Sounds like a lot, right? You should know how to do each of these operations - it's just a matter of adding them to the for loop that we've already seen above.

In [None]:
# load in required nltk resources.
import nltk
nltk.download('punkt_tab')

In [None]:
# let's delete the word_length entry we made above
del sf_dict['whale']['word_length']
del sf_dict['the_kramer']['word_length']

In [None]:
# Expand the for loop to calculate more features:

for key in sf_dict.keys():
  # number of words according to .split()
  sf_dict[key]['num_split_tokens'] = len(sf_dict[key]['text'].split())

  # number of words according to nltk.word_tokenize
  sf_dict[key]['num_nltk_tokens'] = len(nltk.word_tokenize(sf_dict[key]['text']))

  # ttr from split
  sf_dict[key]['split_ttr'] = len(sf_dict[key]['text'].split()) / len(set(sf_dict[key]['text'].split()))

  # ttr from nltk tokens
  sf_dict[key]['nltk_tokens_ttr'] = len(nltk.word_tokenize(sf_dict[key]['text'])) / len(set(nltk.word_tokenize(sf_dict[key]['text'])))

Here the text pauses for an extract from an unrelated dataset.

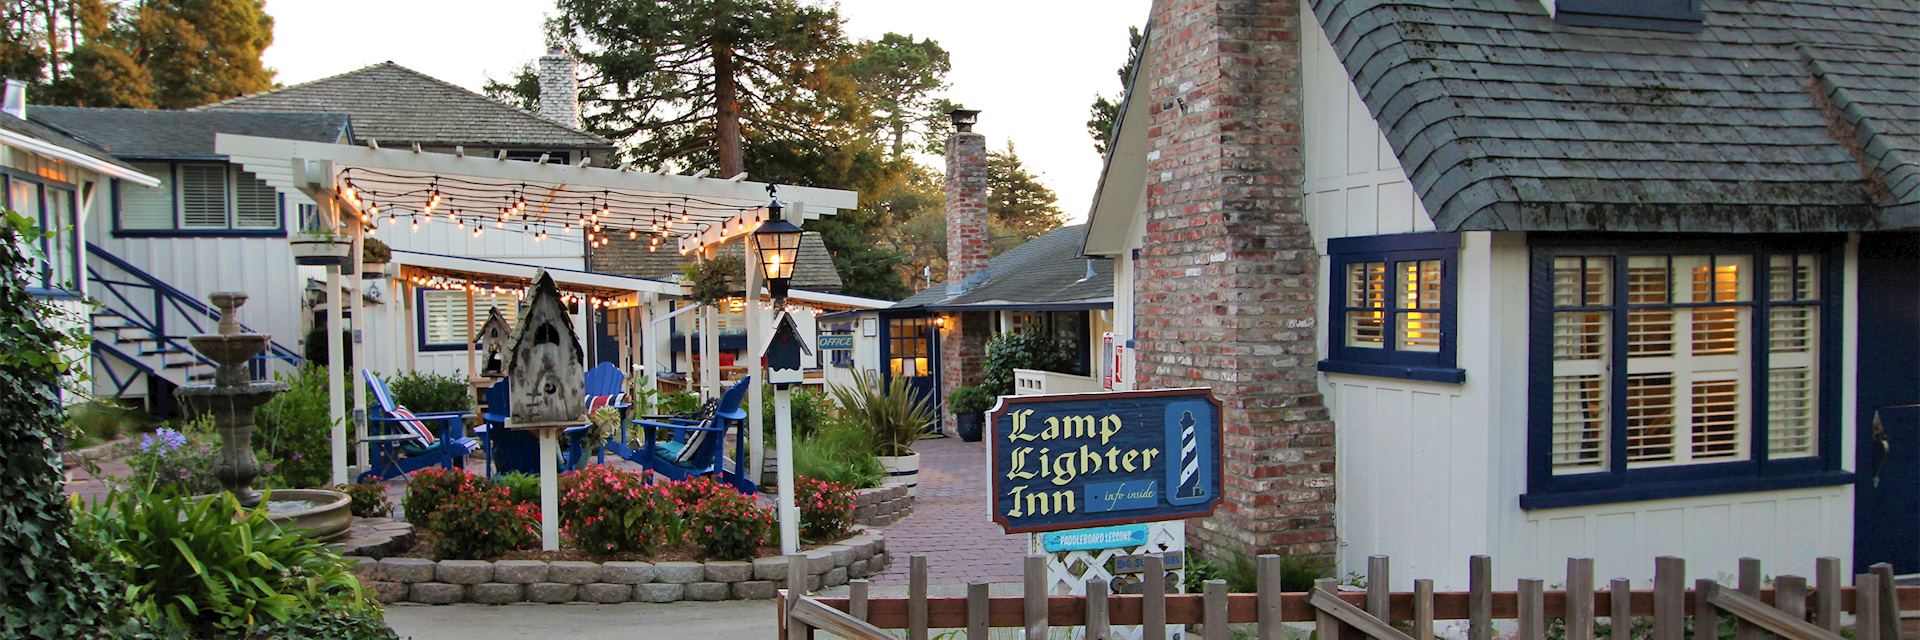 Lamp Lighter Inn, Carmel
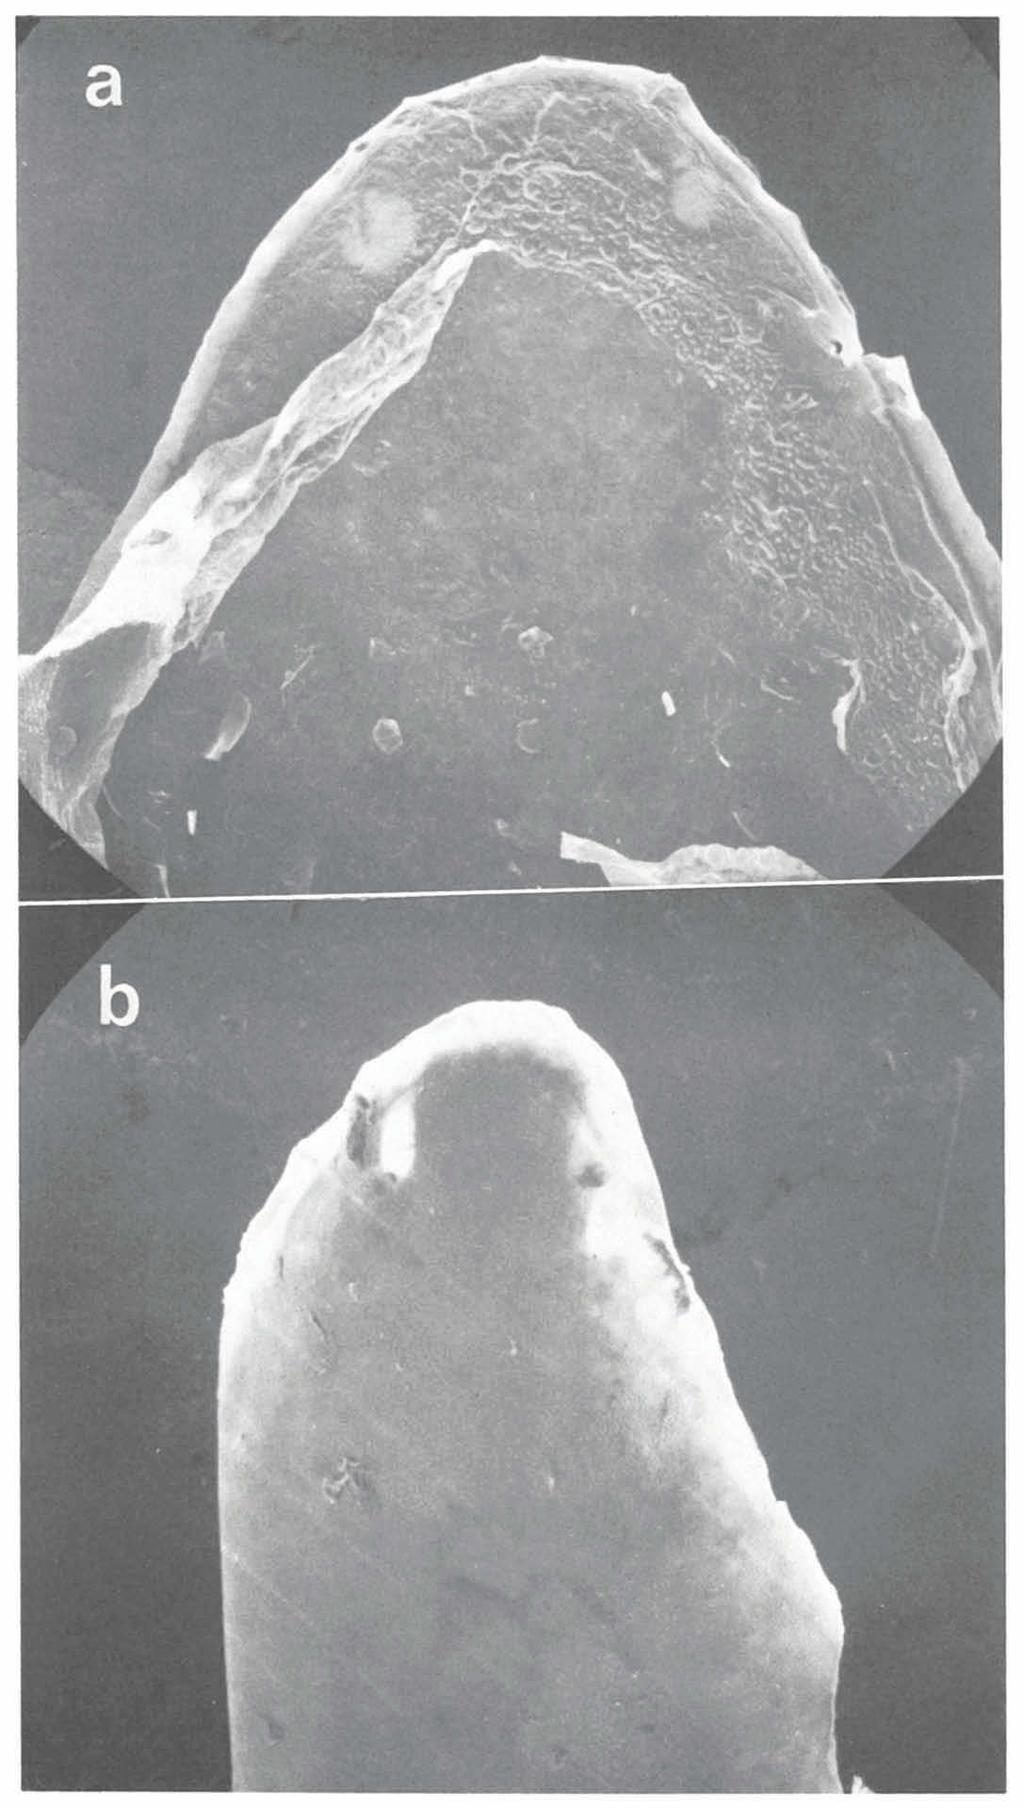 ZOOLOGISCHE VERHANDELINGEN 175 (1980) PL. 5 Actractus zidoki Gasc & Rodrigues, $ RMNH 13781.

  # top 5 most frequent words using .split()
  sf_dict[key]['split_five_most_frequent'] = nltk.FreqDist(sf_dict[key]['text'].split()).most_common(5)

  # top 5 most frequent words using nltk tokenz
  sf_dict[key]['nltk_five_most_frequent'] = nltk.FreqDist(nltk.word_tokenize(sf_dict[key]['text'])).most_common(5)


In [None]:
# now look at the information we have about the text
sf_dict['whale']

In [None]:
sf_dict['the_kramer']

##**Your Turn**

Compare the output from the two texts above. Think about the difference you see between the `.split()` and `nltk.word_tokenize()` approaches.

- Do you remember why these function are providing different results?
- What do you notice about the frequency results? Is there any pre-processing we might want to do, and if so, which results would be changed as a result of different pre-processing?